The start, Davis' third since joining the Pirates on July 27, was a significant aberration from his previous two. The righty had earned himself a stay in the rotation with consecutive quality starts in which he combined to allow only two earned runs.

Both of the Pirates' runs would come courtesy of Ryan Doumit, who launched a two-run homer off St. Louis starter Todd Wellemeyer in the third to temporarily tie the game at 2. The Pittsburgh catcher finished a triple short of the cycle to notch his second three-hit night of the series.

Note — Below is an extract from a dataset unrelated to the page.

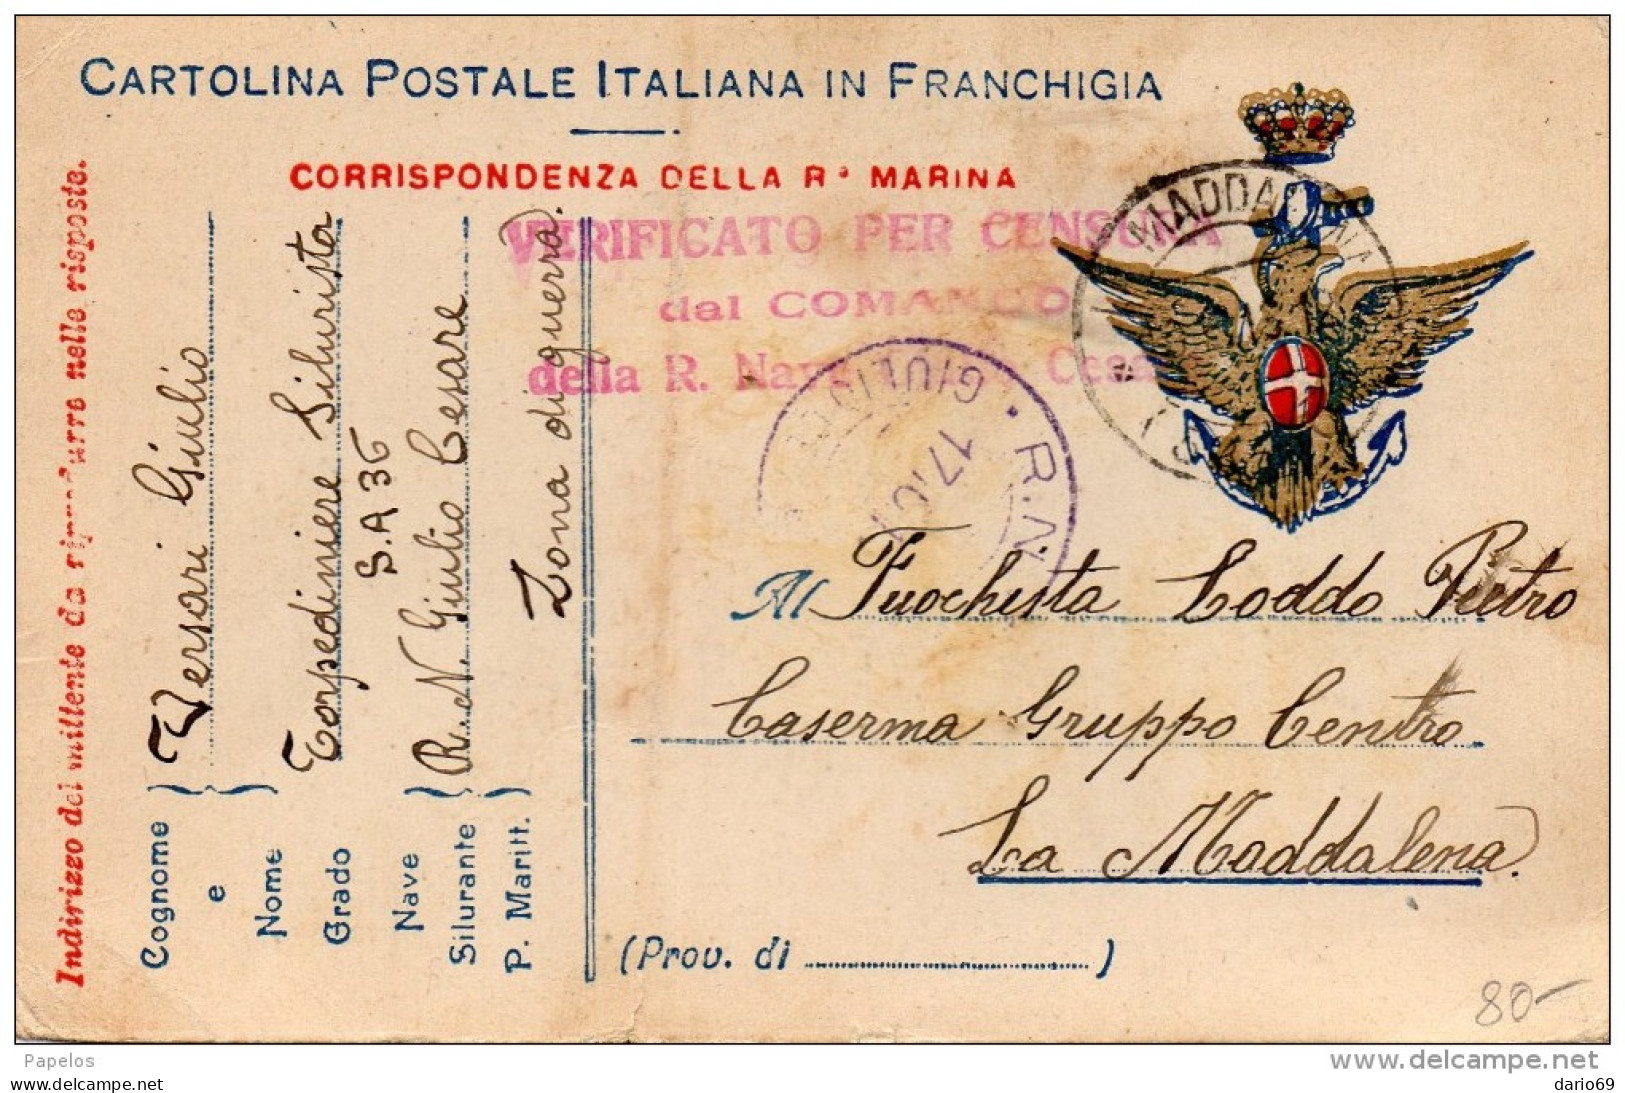 1916 CARTOLINA CON ANNULLO NAVE GIULIO CESARE  + VERIFICA PER CENSURA - Guerre 1914-18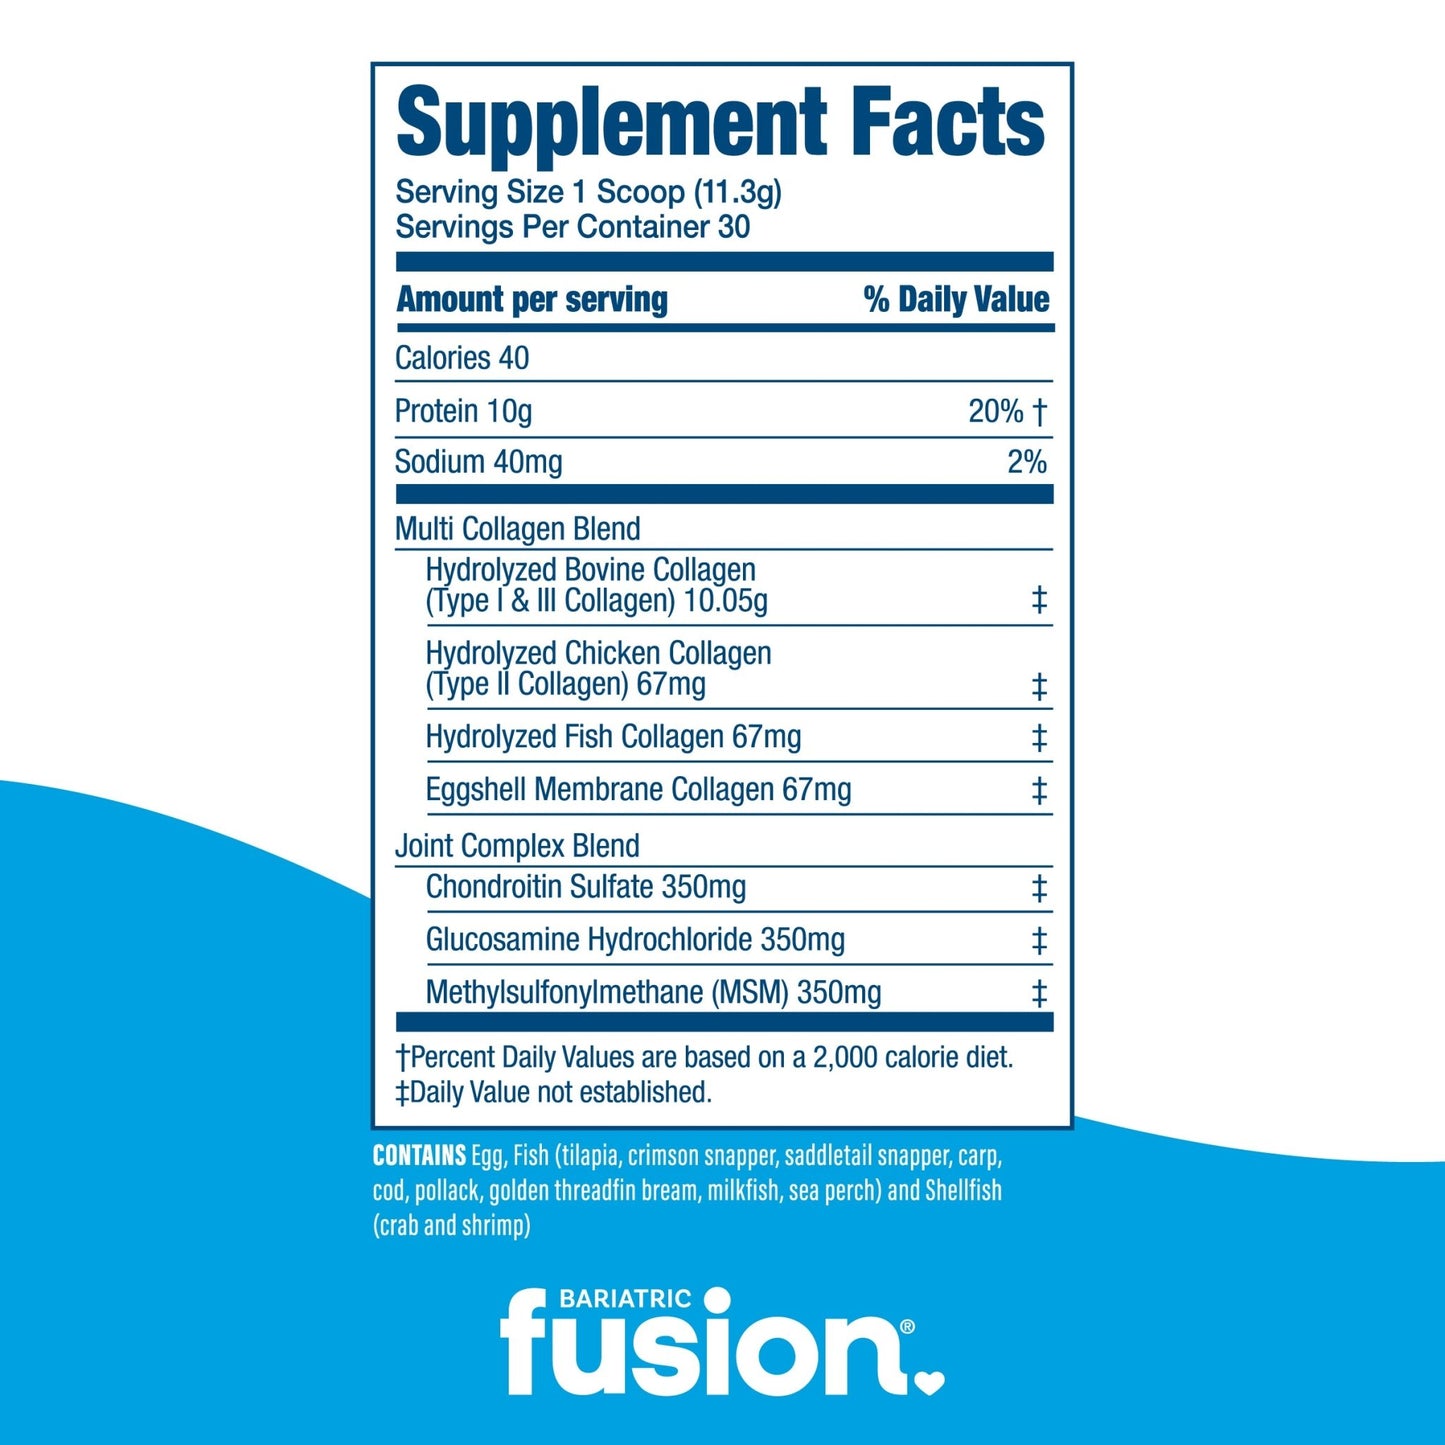 Unflavored Multi Collagen Protein Powder supplement facts.

Outfielders Jason Michaels and Brandon Moss each finished with multihit games as well. Moss had returned to the lineup after missing two games recovering from a twisted left ankle. The recovery process was expected to take longer, but Moss forced his manager to put him in on Wednesday after showing no ill-effects running or hitting on Tuesday. He passed the test on Wednesday, too.

"There's a little soreness and stiffness just from not playing," Moss said afterward. "But it wasn't anything I couldn't play through. The off-day [Thursday] should help."

The offense would put together the framework of a potential comeback rally in the eighth as two hits and a walks loaded the bases with one out for shortstop Jack Wilson. No damage would be done, though, as Wilson grounded sharply into an inning-ending double play.

"We got down pretty big early," Russell said, "and couldn't do much after that."

On a positive pitching note, reliever Romulo Sanchez calmed the Cardinals' offensive storm by limiting the team to just one hit in his 2 1/3 scoreless innings of work. Reliever Craig Hansen wouldn't fare quite as well, however, as he allowed three runs on three hits and two walks in two innings.

With the loss, the Pirates split the short two-game series against the Cardinals to finish the season 5-4 at Busch Stadium. The winning record on the Cardinals' home field was the first for the Bucs since going 4-2 in 1999.

Jenifer Langosch is a reporter for MLB.com. This story was not subject to the approval of Major League Baseball or its clubs.